Late Friday is the time that politicians generally use to release stories that they don’t want too many people to hear about. I have no idea why Romney chose that time, but it seems that it allowed writers to dig up lots of background over the weekend to publish on Monday. So I’m going to share some of the more interesting Ryan pieces I came across yesterday.
Still, the NYT article is worth reading to get the adoring media perspective on the mysteriously popular Ryan. The story reveals that Ryan and his wife are each quite wealthy through inheritance. Other than losing his father when he was in high school, which is tragic, Ryan seems never to have experienced a single setback along his education and career tracks.

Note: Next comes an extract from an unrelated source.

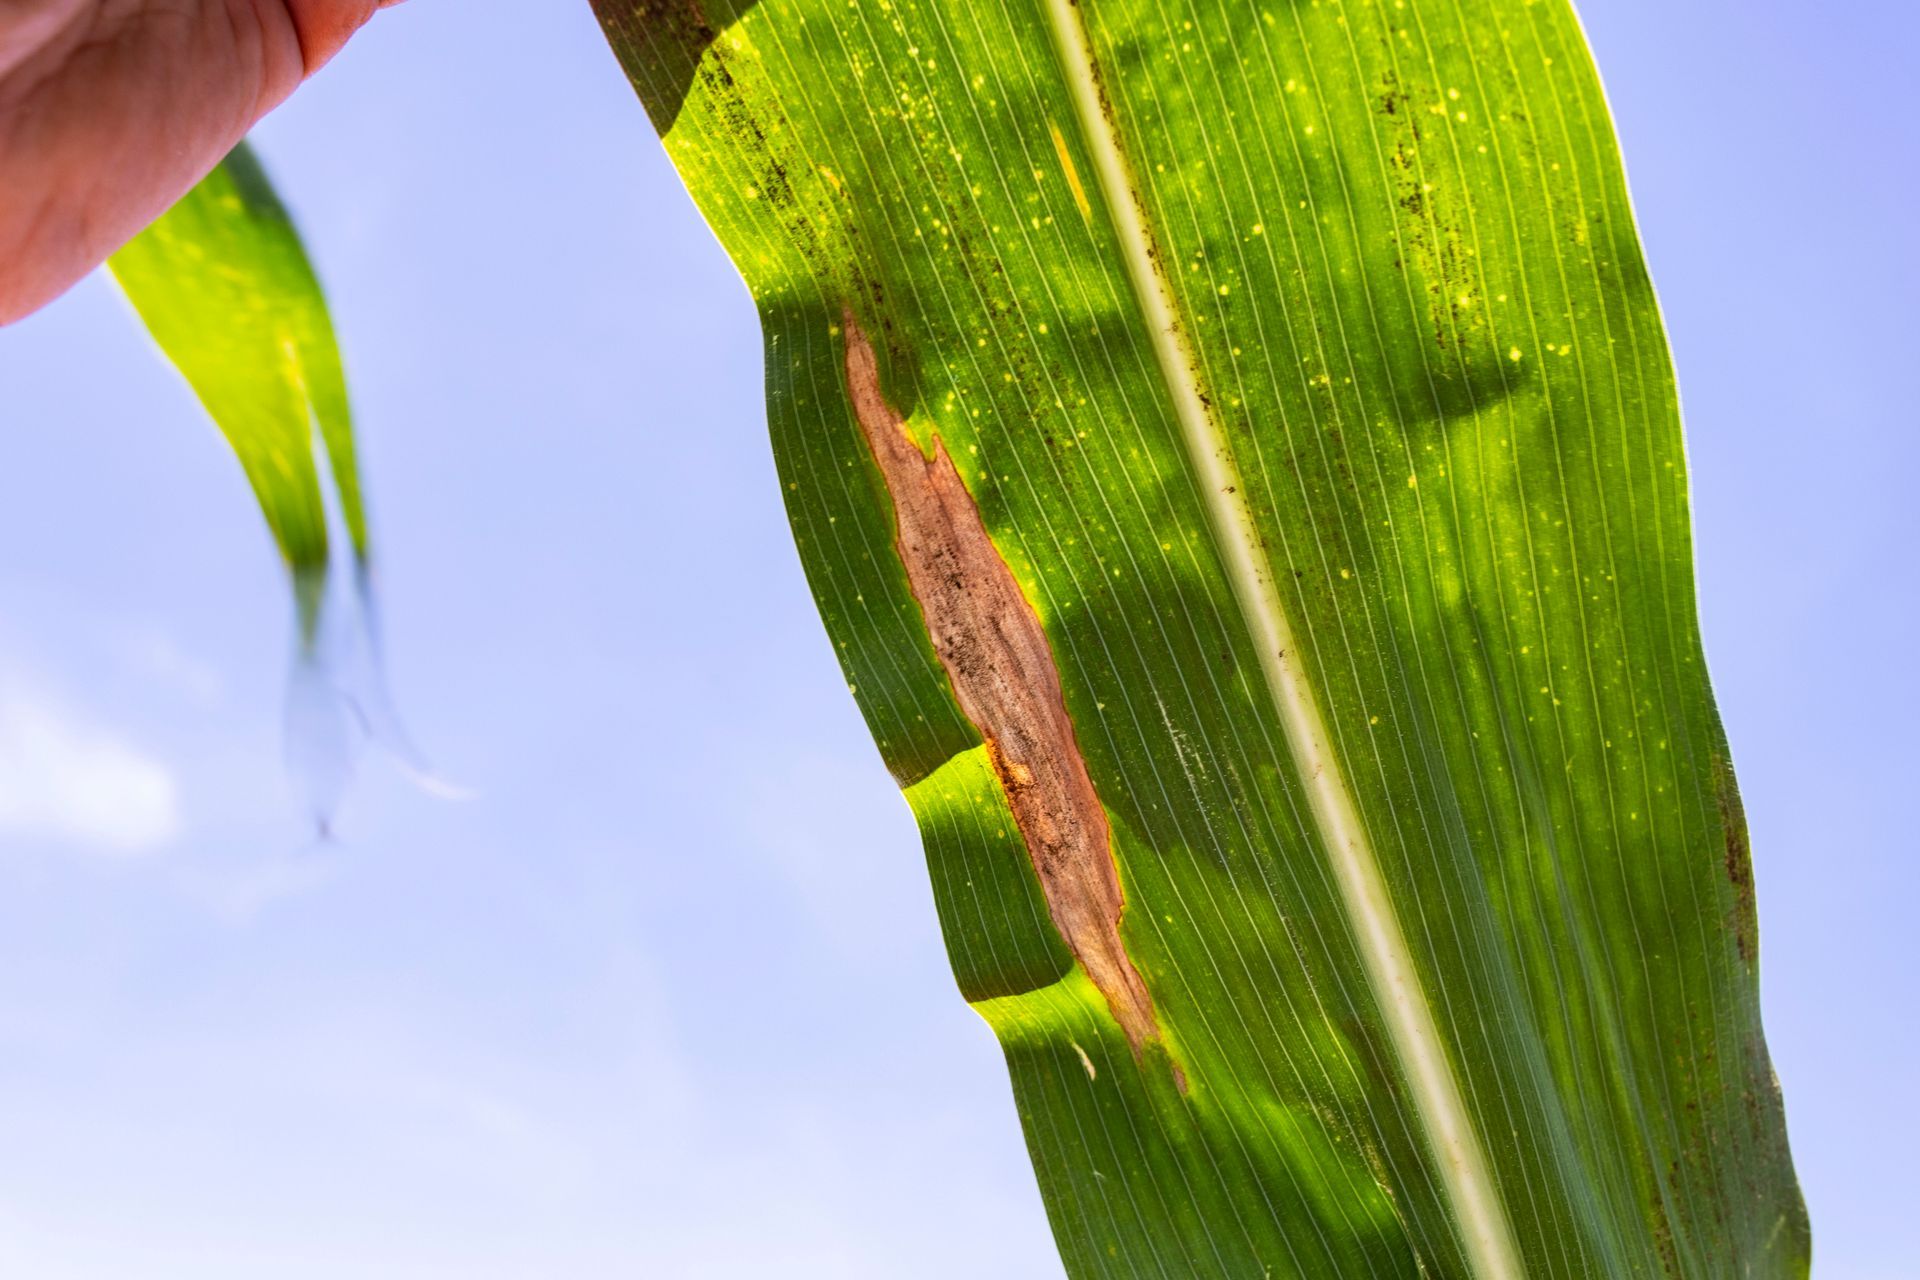 Fotografia mostra uma folha da planta de milho com sintomas de doenças foliares.

Ryan studied under a conservative professor at Miami of Ohio–he paid for his college education with Social Security survivors’ benefits–and that professor pulled strings to get Ryan a political job. recommended Ryan for an internship with Wisconsin’s then Republican Senator Bob Kasten. Ryan has been sucking on the government teat ever since.
Mr. Ryan’s trickle-down economic theories were already in place, said Professor Rich Hart, who would help Mr. Ryan hone his political persona.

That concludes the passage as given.